On Saturday, November 18, 2023 from 11am-12pm, we’ll be exploring the books “Mixed: A Colorful Story” and “Gift Horse: A Lakota Story” and “Remember.”
“Mixed: A Colorful Story” written and illustrated by Arree Chung, 2018
“All special in their own ways, all living in harmony – until one day, a Red says, “Reds are the best!” and starts a color kerfuffle. When the colors decide to separate, is there anything that can change their minds? A Yellow, a Blue, and a never-before-seen color might just save the day in this inspiring book about color, tolerance, and embracing differences.”
“Gift Horse: A Lakota Story” written and illustrated by S.D. Nelson, 1999
“Gift Horse is an evocative introduction to 19th-century Native American life on the Great Plains. When his father gives him a gift horse, marking the beginnings of his journey to manhood, Flying Cloud and the horse, Storm, spend their days hunting and roughhousing with other boys and their horses. But when an enemy raiding party steals his beloved Storm, Flying Cloud faces the ultimate rite of passage: he must join the rescue party and earn the right to wear the shirt of a warrior. Bold, colorful artwork inspired by the style of the early Plains Indians tells the story of a boy facing the challenges of manhood. Included is an author’s note about the Lakota people and their culture. The author is a member of the Standing Rock Sioux tribe.”

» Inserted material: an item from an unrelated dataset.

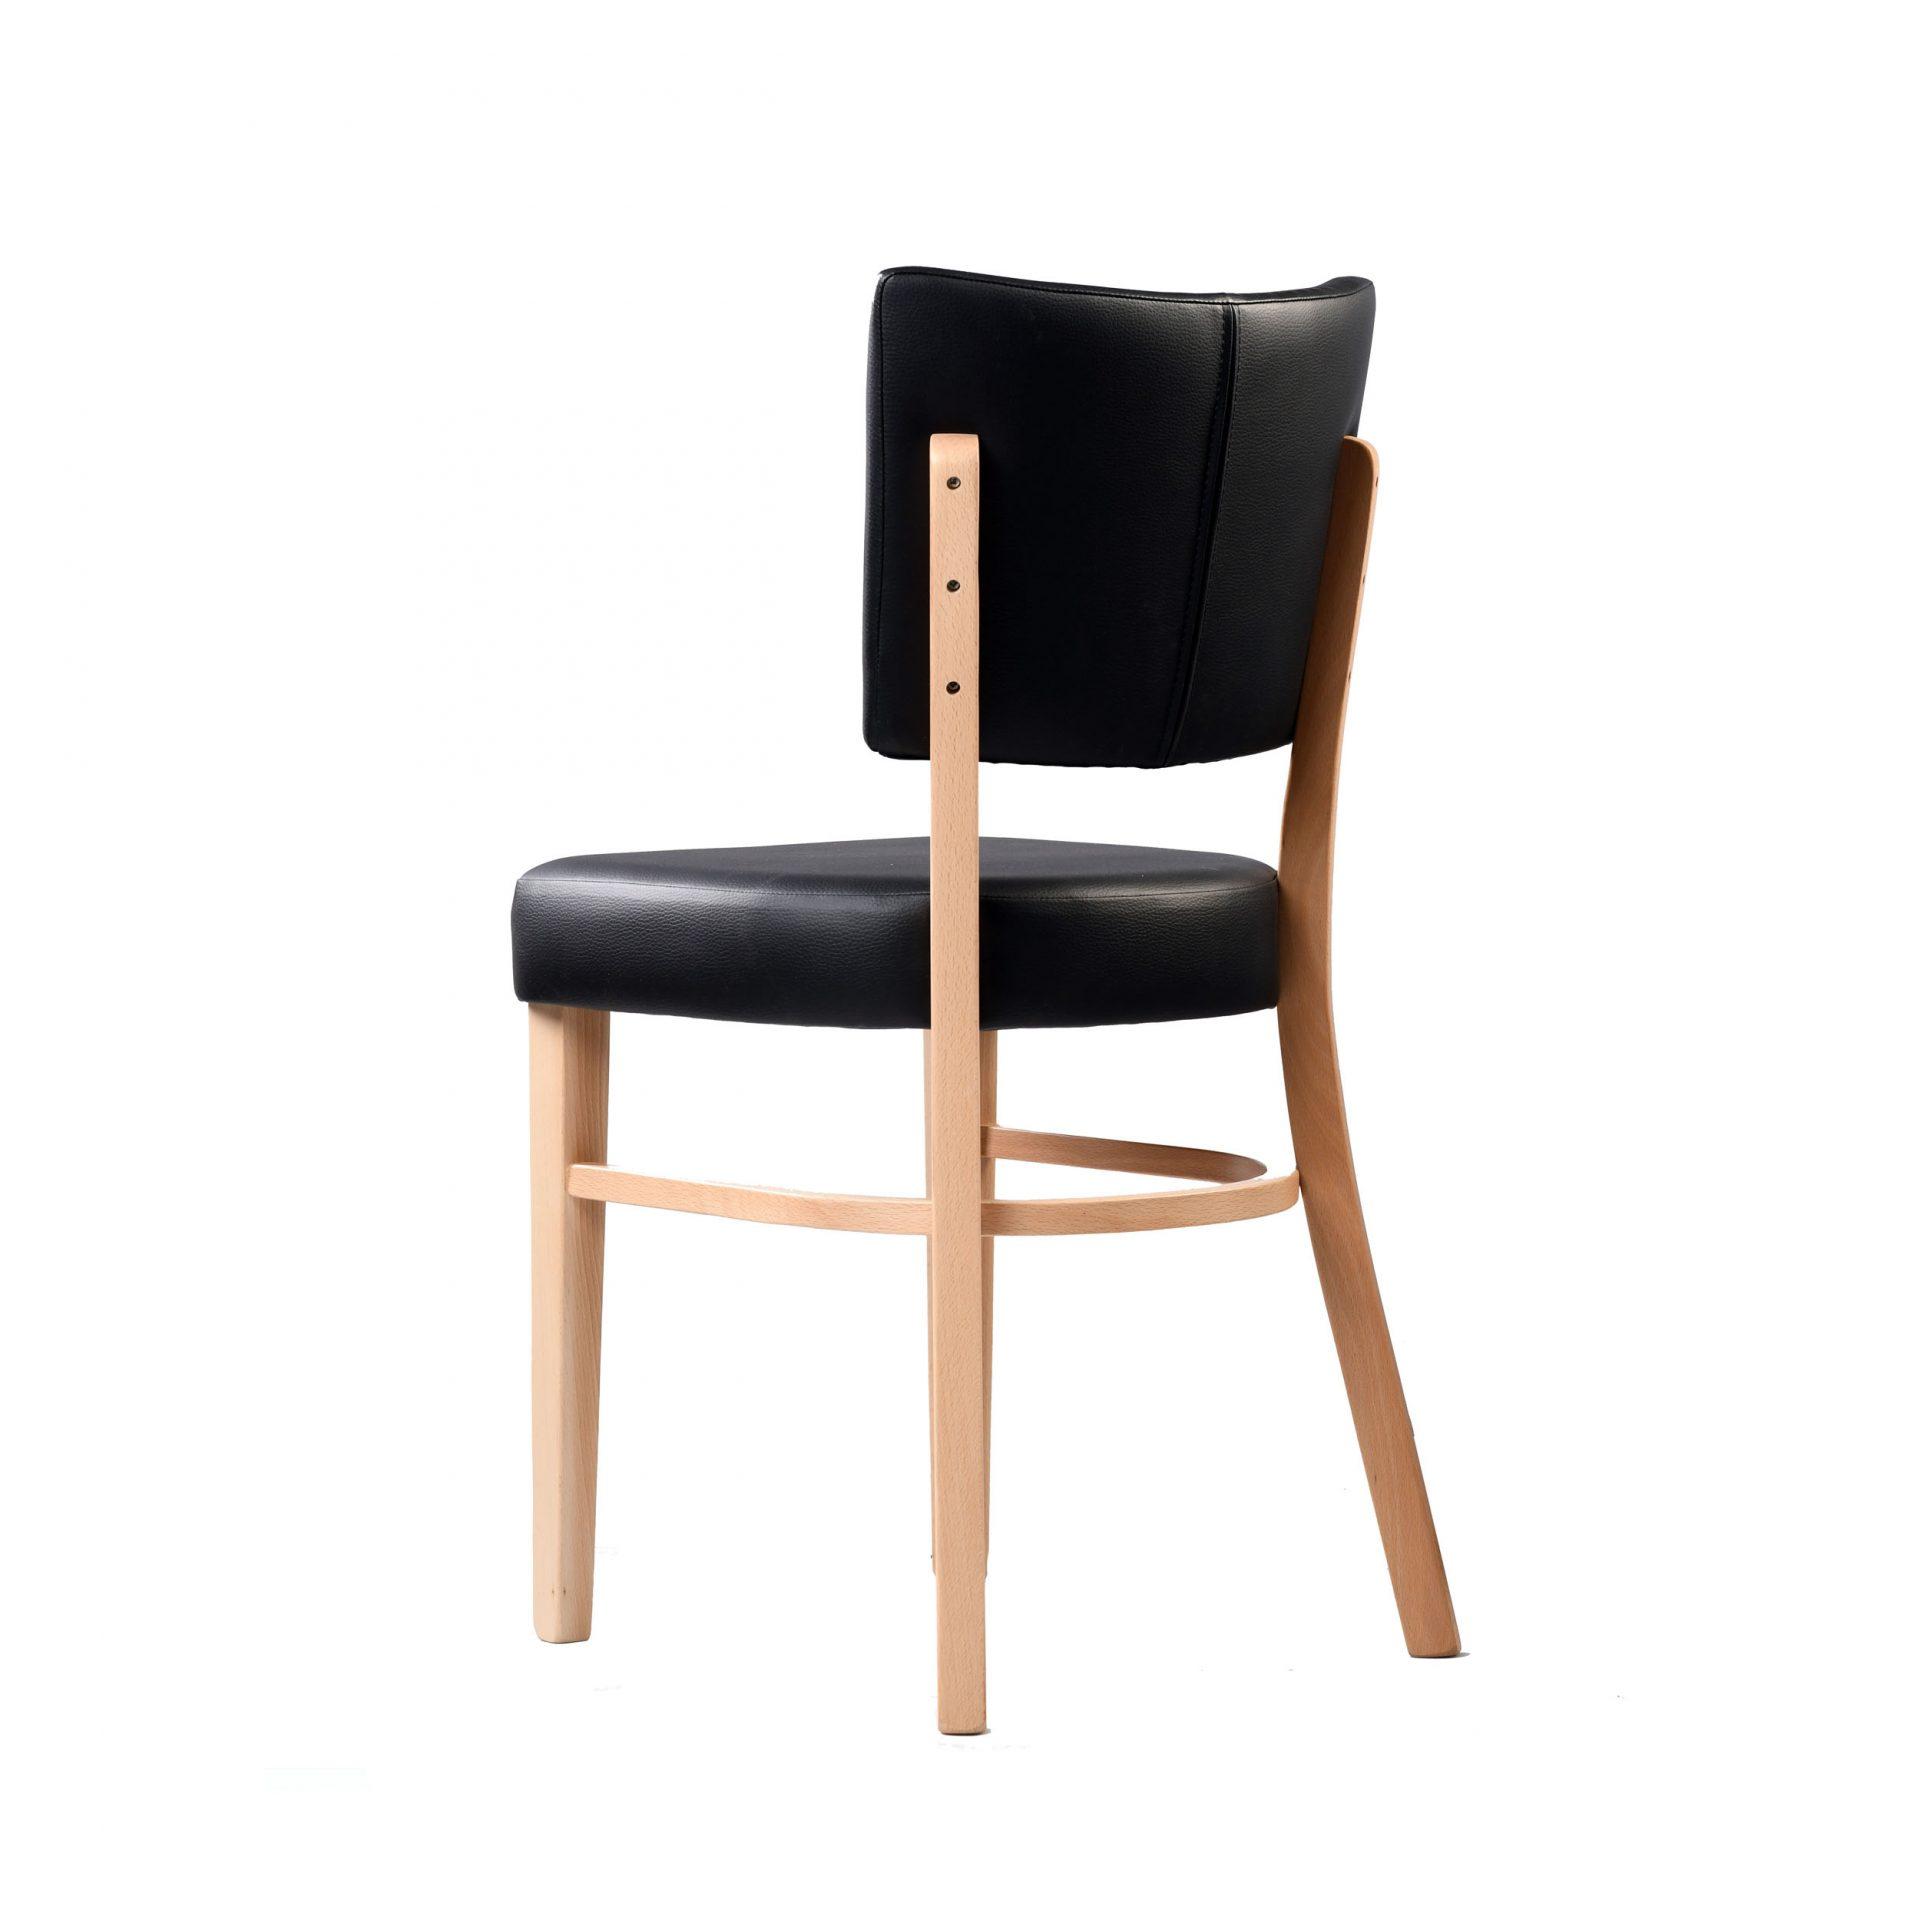 memphis chair black vinyl seat and backrest natural frame back left

“Remember” written by Joy Harjo and illustrated by Michaela Goade, 1983
“Remember the sky that you were born under, know each of the star’s stories. Remember the moon, know who she is. Remember the sun’s birth at dawn, that is the strongest point of time. So begins the picture book adaptation of the renowned poem that invites young readers to pause and reflect on the wonder of the world. In simple and direct language, Joy Harjo, a member of the Mvskoke Nation, urges readers to pay close attention to who they are, the world they were born into, and how everyone on Earth is connected. Michaela Goade, drawing from her Tlingit culture, has created vivid illustrations that make the words come alive in an engaging and accessible way. A timeless poem paired with magnificent paintings makes for a picture book that is a true celebration of life and our human role within it.”